Interpretive Summary: The Water Erosion Prediction Project (WEPP) model developed by the U. S. Department of Agriculture contains a major component to simulate winter hydrologic processes, including snow accumulation/melt and soil freeze/thaw. WEPP has been used successfully in the evaluation of important natural resource issues throughout the US and in a number of other countries. However, studies have revealed problems in the winter component of the model. We modified the algorithms and subroutines that represent soil freeze/thaw processes and assessed the performance of the modified model by applying it to research data from two widely different climatic areas. Results of applying the modified WEPP to experimental plots at Pullman, WA and Morris, MN showed substantially improved agreement with field data. NRCS and other agencies and private consultants can now use WEPP with greater confidence in areas influenced by winter hydrology.

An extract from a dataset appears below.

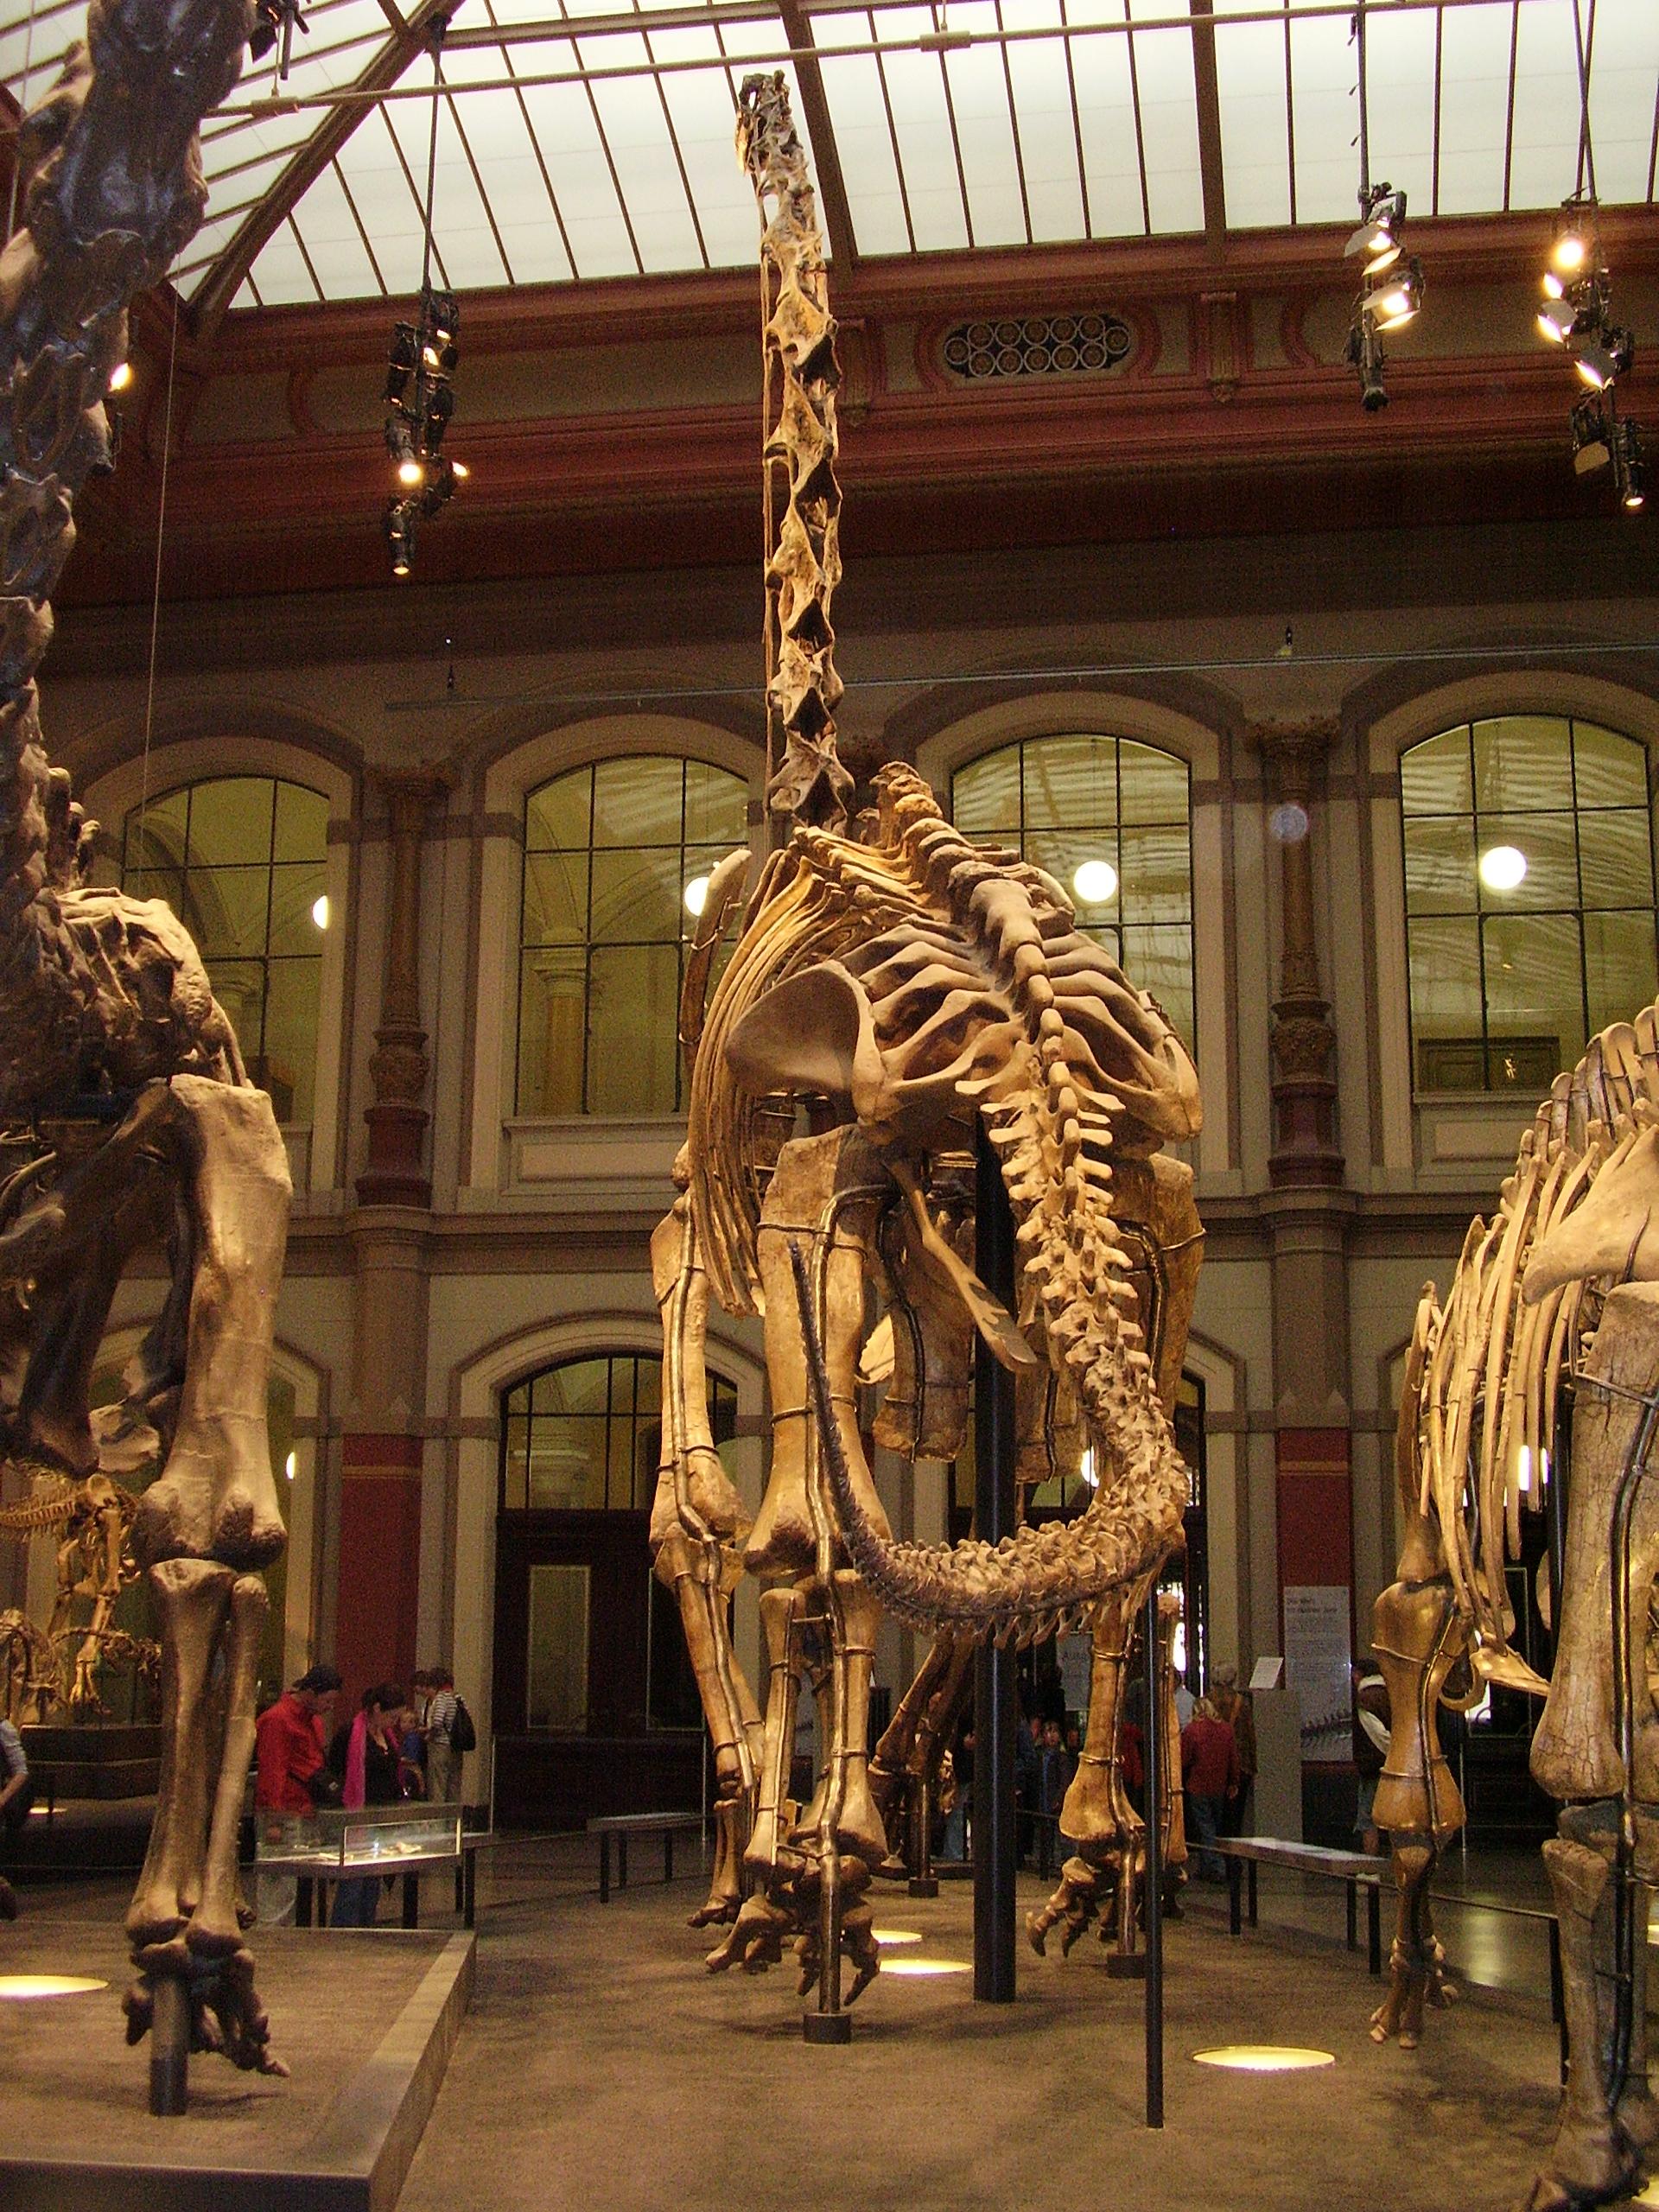 Kostra druhu G. brancai v berlínském Přírodovědeckém muzeu, pohled zezadu. V roce 2007 byla tato kompozitní replika přesně změřena a s výškou 13,27 metru zapsána do Guinessovy knihy rekordů jako nejvyší smontovaná dinosauří kostra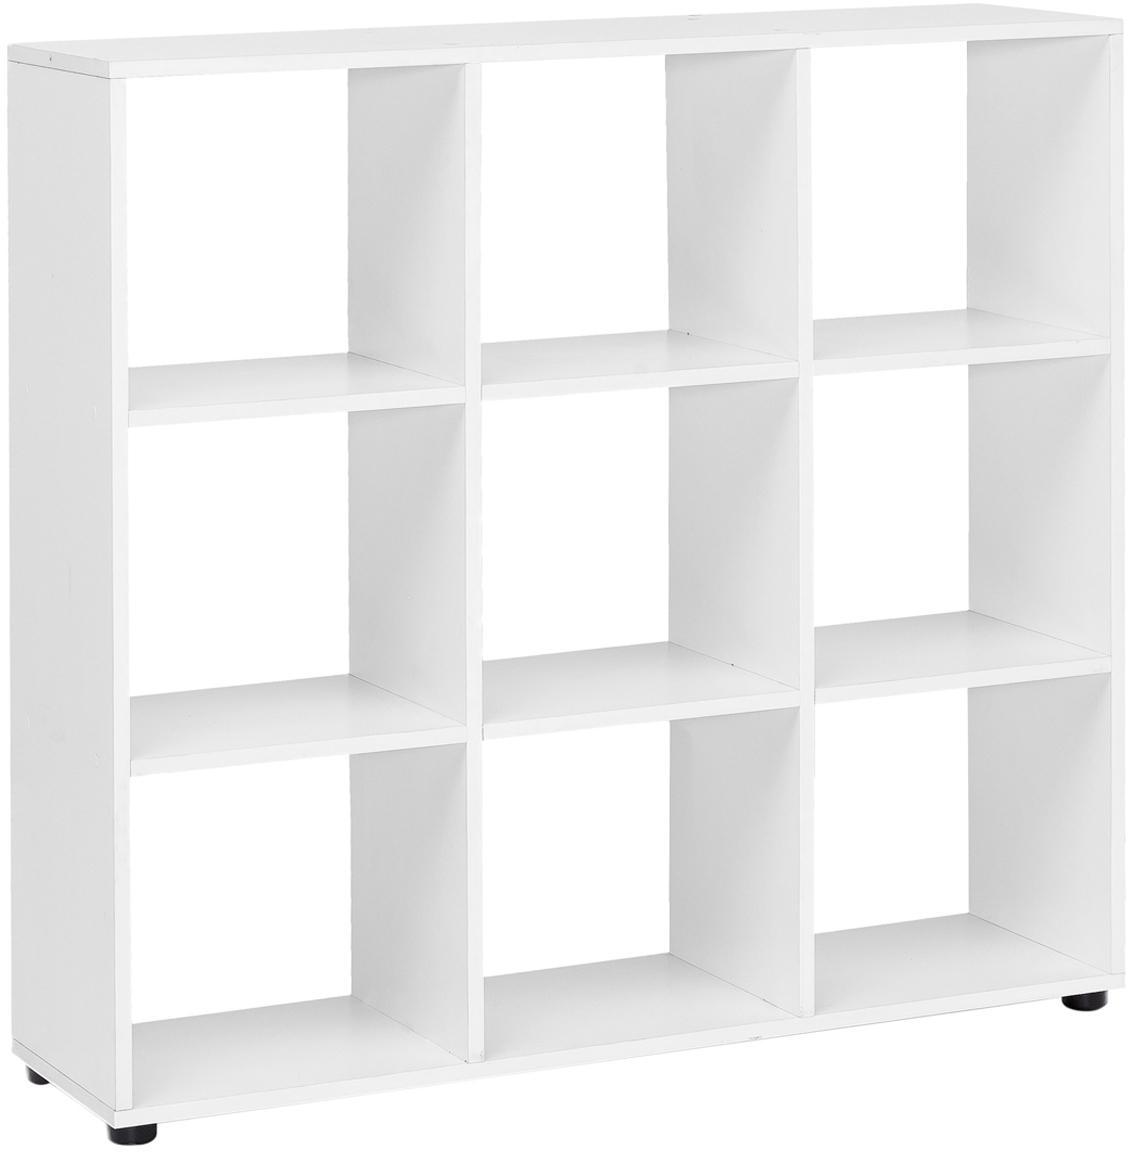 Modernes Standregal Zara in Weiß Matt, Spanplatte, melaminbeschichtet, Weiß, Schwarz, 108 x 104 cm

Technical Abstract: Erosion models play an important role in assessing the influence of human activities on the environment. For cold areas, adequate frost simulation is crucial for predicting surface runoff and water erosion. The Water Erosion Prediction Project (WEPP) model, physically-based erosion-prediction software developed by the USDA, has a major component to simulate winter processes, including snow accumulation and melt as well as soil freeze and thaw. WEPP is successfully used in the evaluation of important natural resource issues throughout the US and in a number of other countries. However, a preliminary study revealed problems in the winter component of the WEPP model, especially the routine for frost simulation. The main purpose of this study was to improve the WEPP model v2006.5 so that it can more adequately simulate soil freeze-thaw and winter runoff and erosion. The specific objectives were: (1) to modify the related algorithms and subroutines in WEPP v2006.5 that improperly represent soil freeze-thaw processes; and (2) to assess the performance of the modified model by applying it to two research plots under different climatic conditions. Changes in soil profile discretization and computation of key thermal and hydraulic parameters were made in the frost simulation routines of WEPP (v2006.5), and the modified WEPP (v2008.9) was applied to experimental plots at Pullman, WA, and Morris, MN. Simulation results from WEPP v2008.9 were compared with those from WEPP v2006.5 as well as with field observations. The results from WEPP v2008.9 showed substantially improved agreement with field data compared to those from WEPP v 2006.5.